**DIRECTIONS:**
Once the line holding "Zwei Personen mit Gläsern im Bett" is found in the entries below, transcribe exactly every line up to and including the one holding "229 - 16 - Enveloppe", but leave out the pictures.

**DATA FOR THIS TASK:**

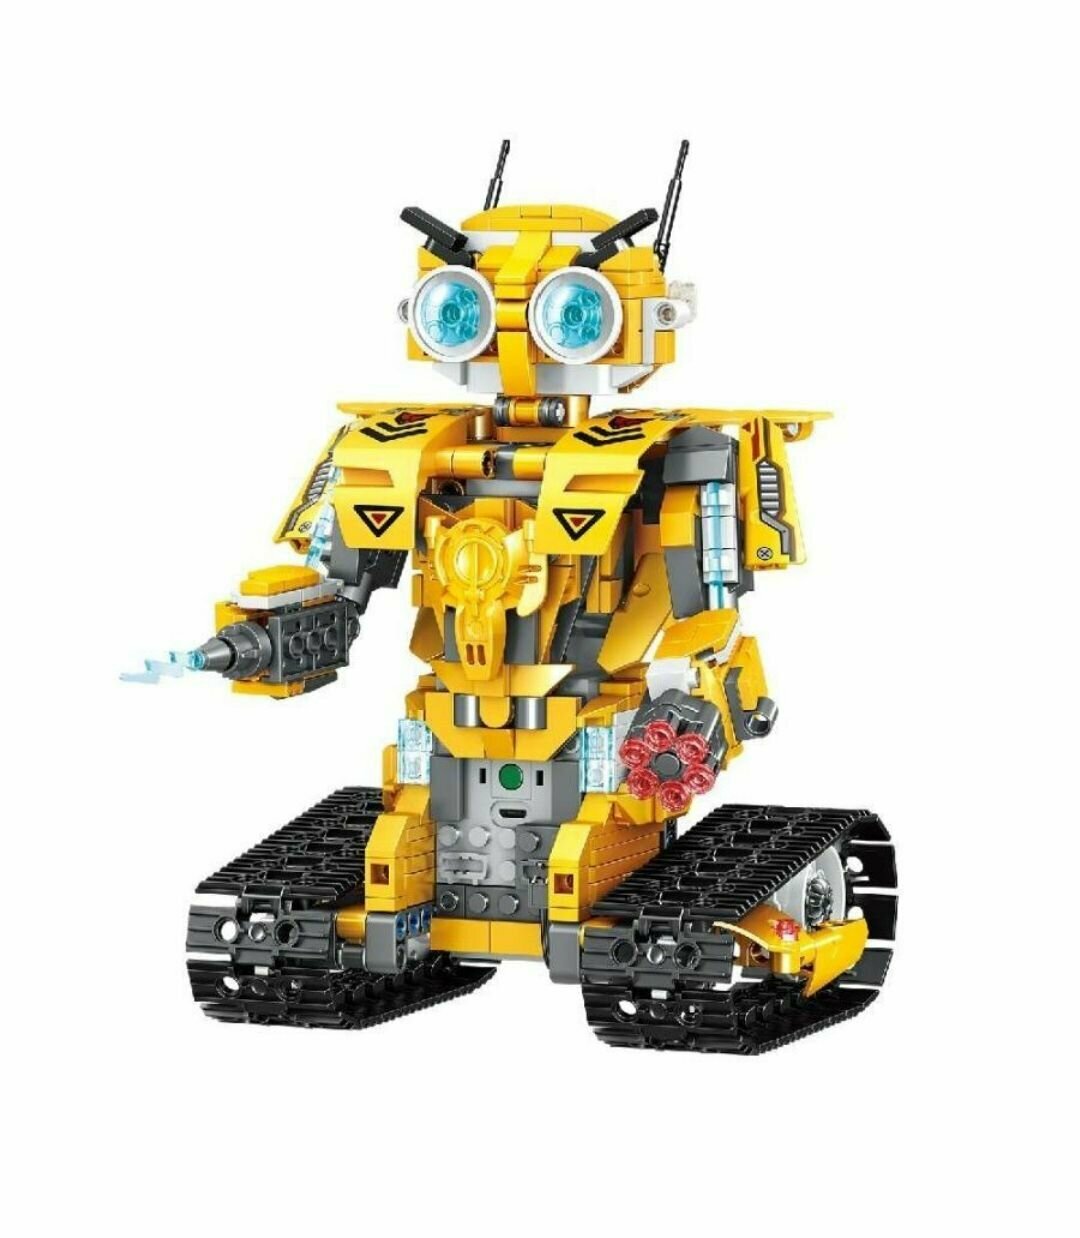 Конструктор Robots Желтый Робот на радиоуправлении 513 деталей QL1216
* * *
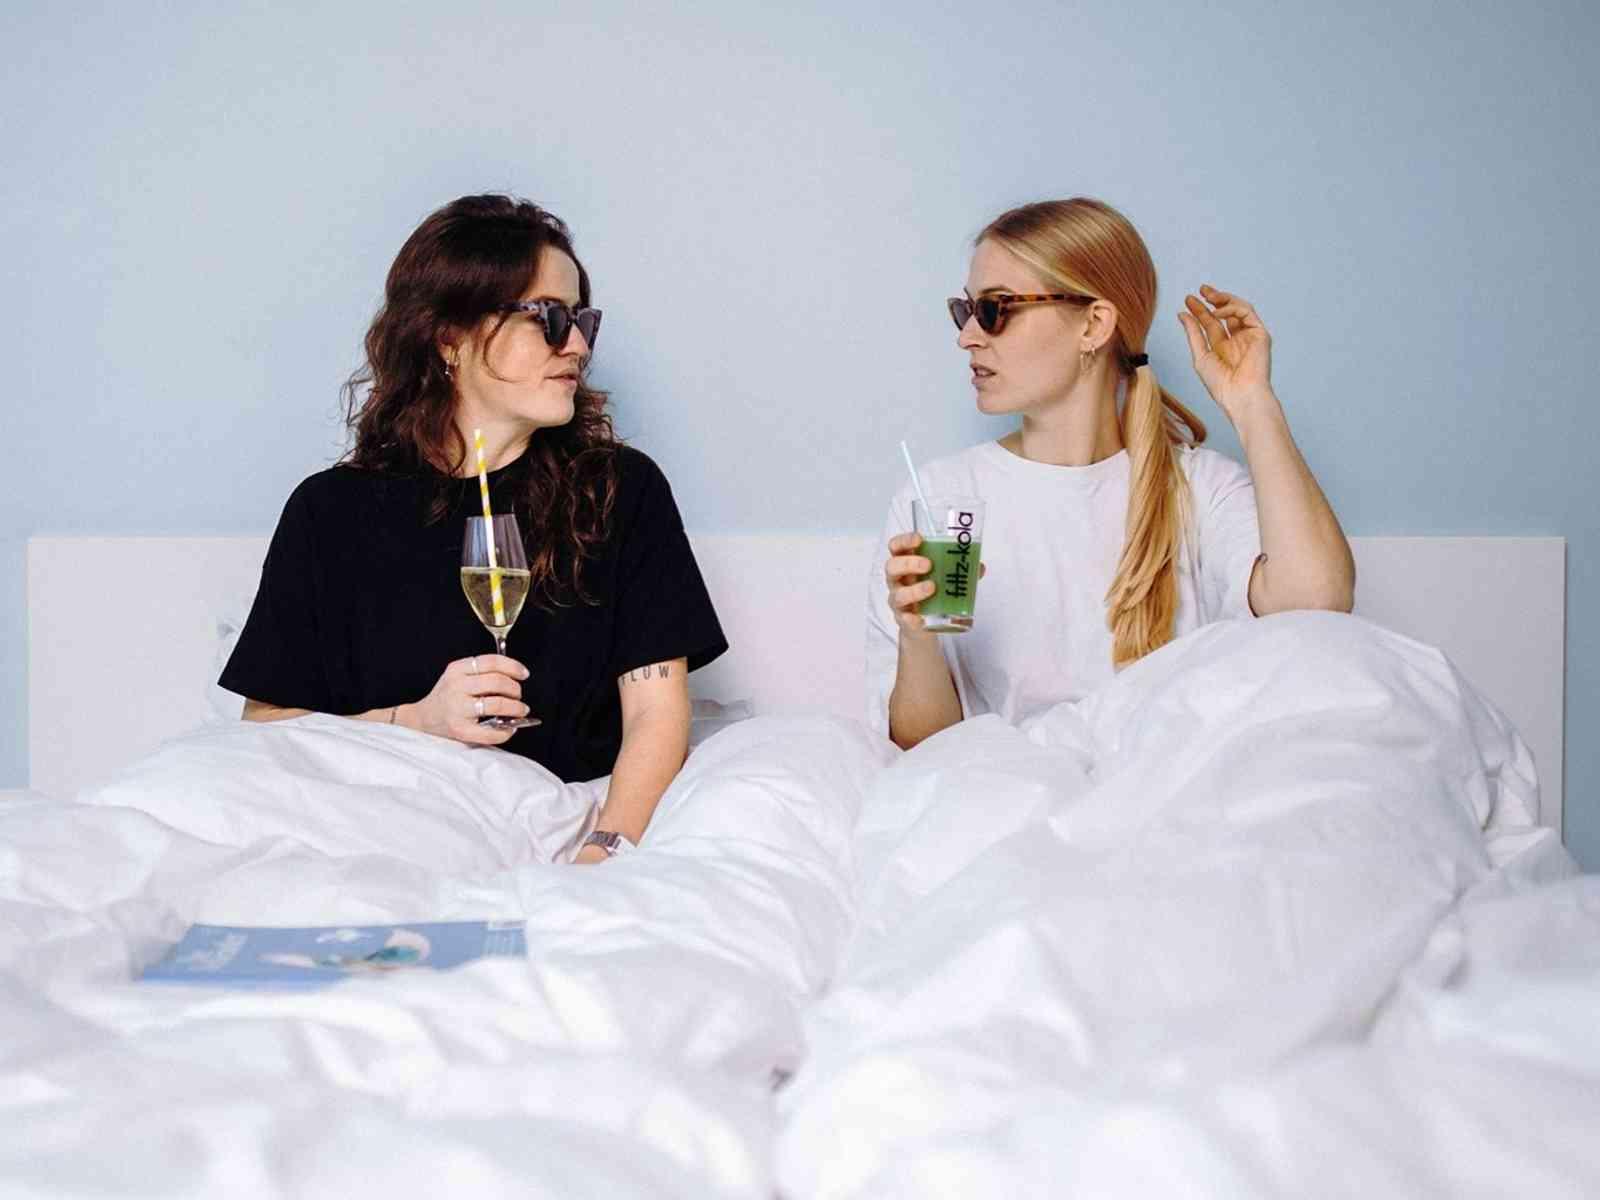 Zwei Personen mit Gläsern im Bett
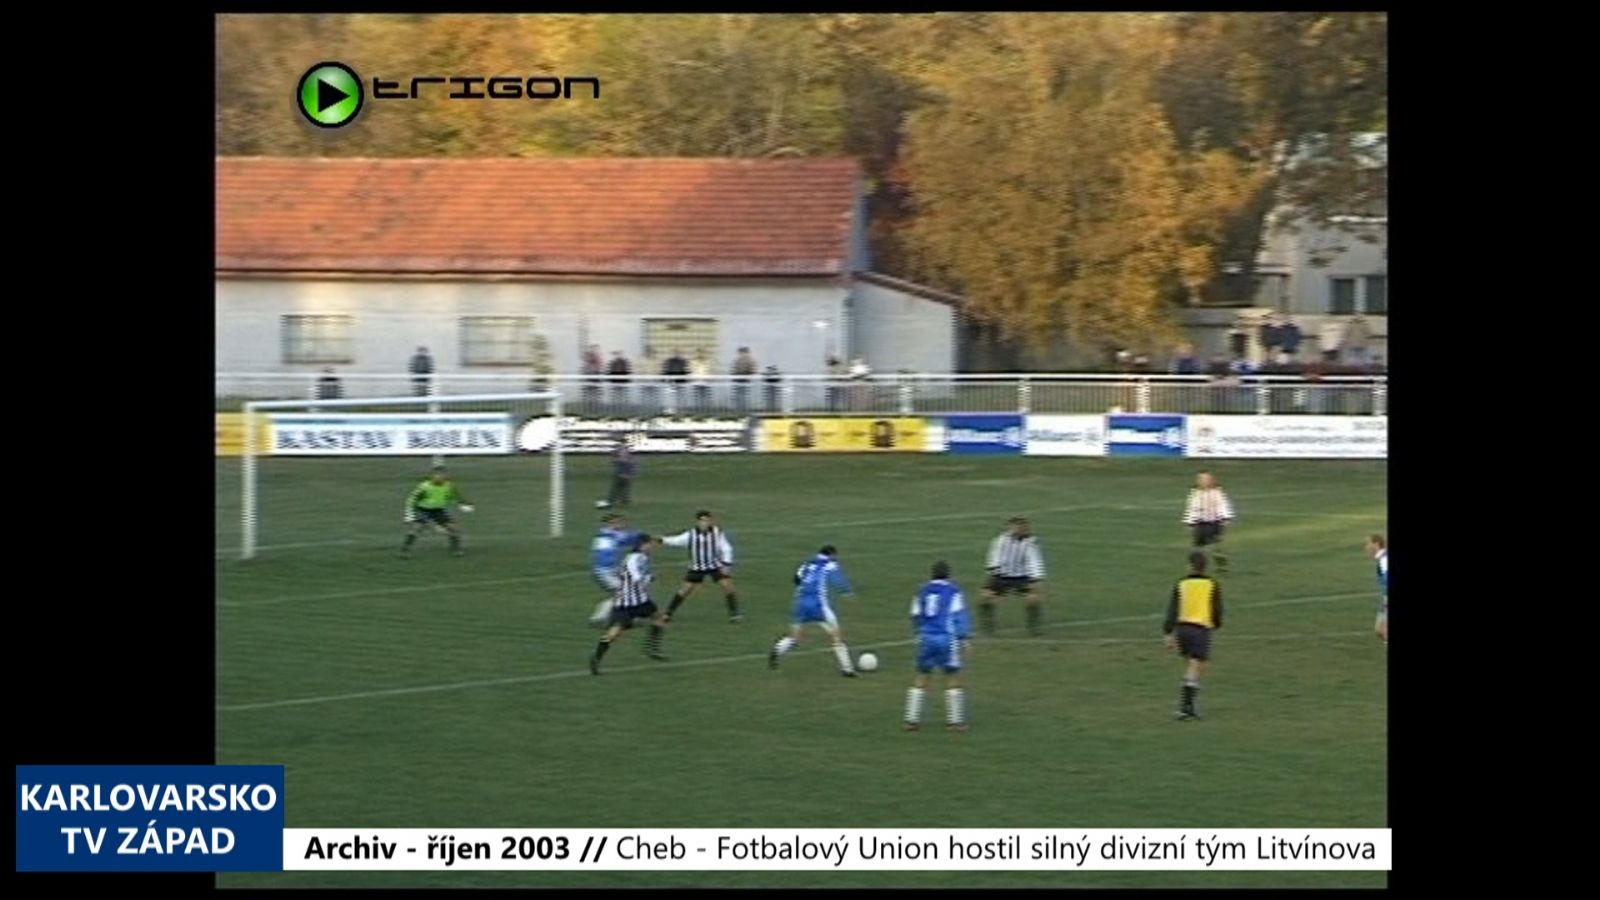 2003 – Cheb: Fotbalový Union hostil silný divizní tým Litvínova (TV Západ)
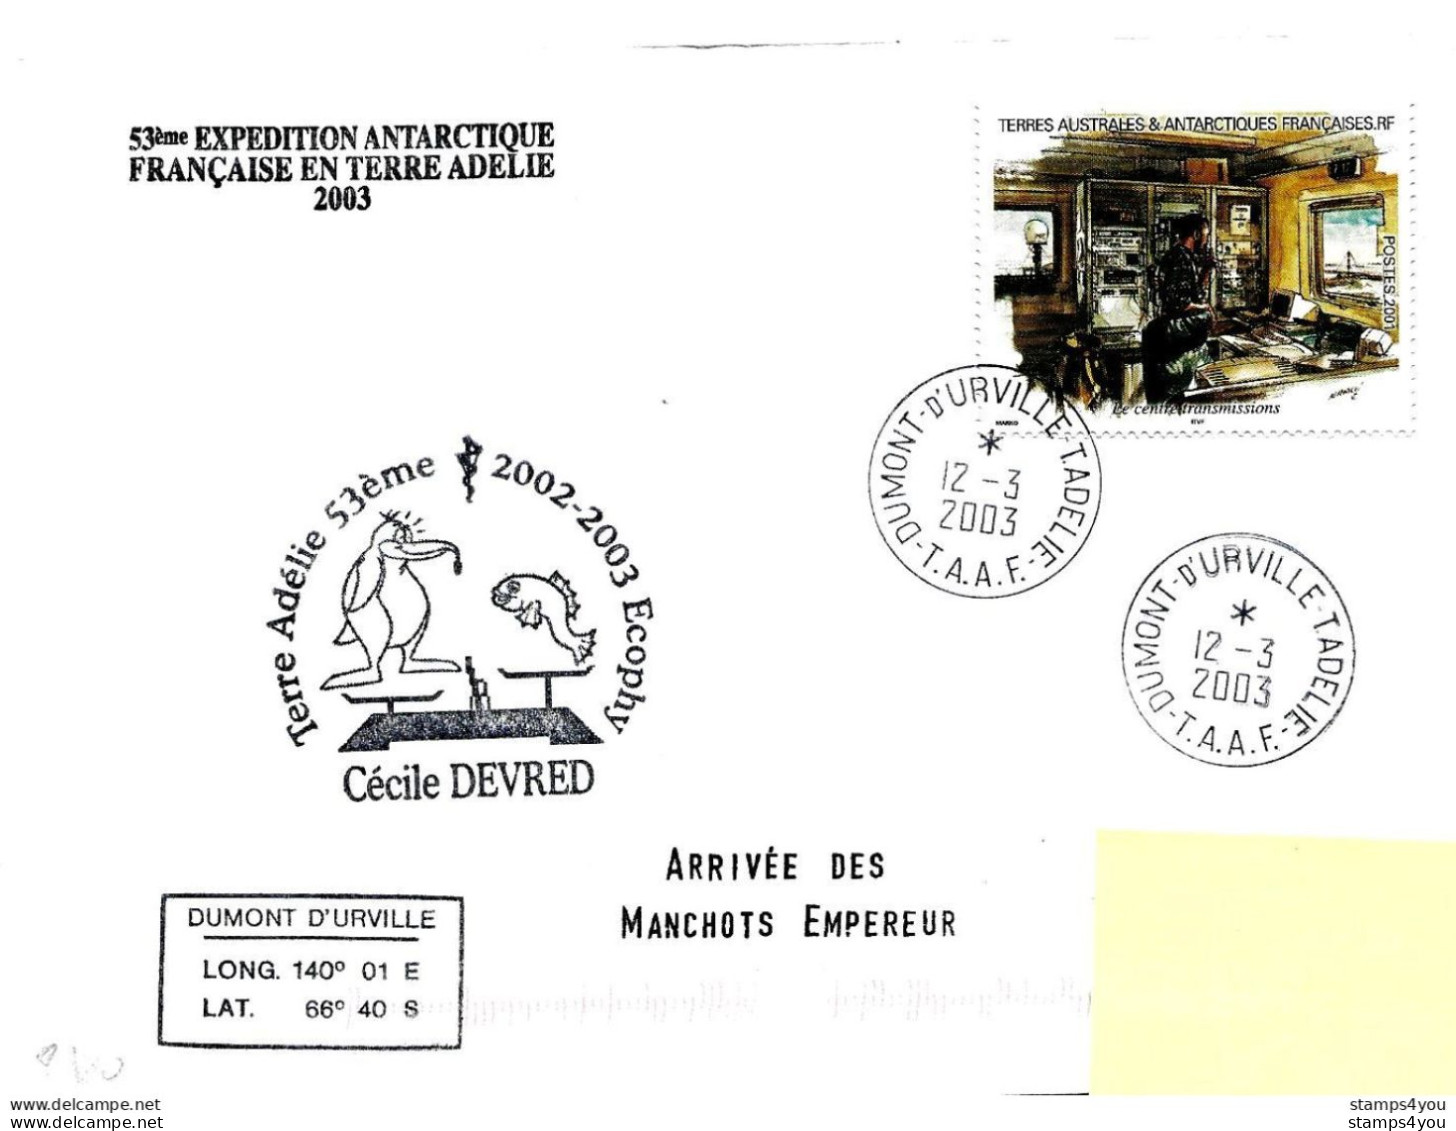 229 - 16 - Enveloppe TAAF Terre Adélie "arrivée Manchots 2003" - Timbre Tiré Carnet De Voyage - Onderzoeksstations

**WRITTEN REPLY:**
 Zwei Personen mit Gläsern im Bett
 2003 – Cheb: Fotbalový Union hostil silný divizní tým Litvínova (TV Západ)
 229 - 16 - Enveloppe TAAF Terre Adélie "arrivée Manchots 2003" - Timbre Tiré Carnet De Voyage - Onderzoeksstations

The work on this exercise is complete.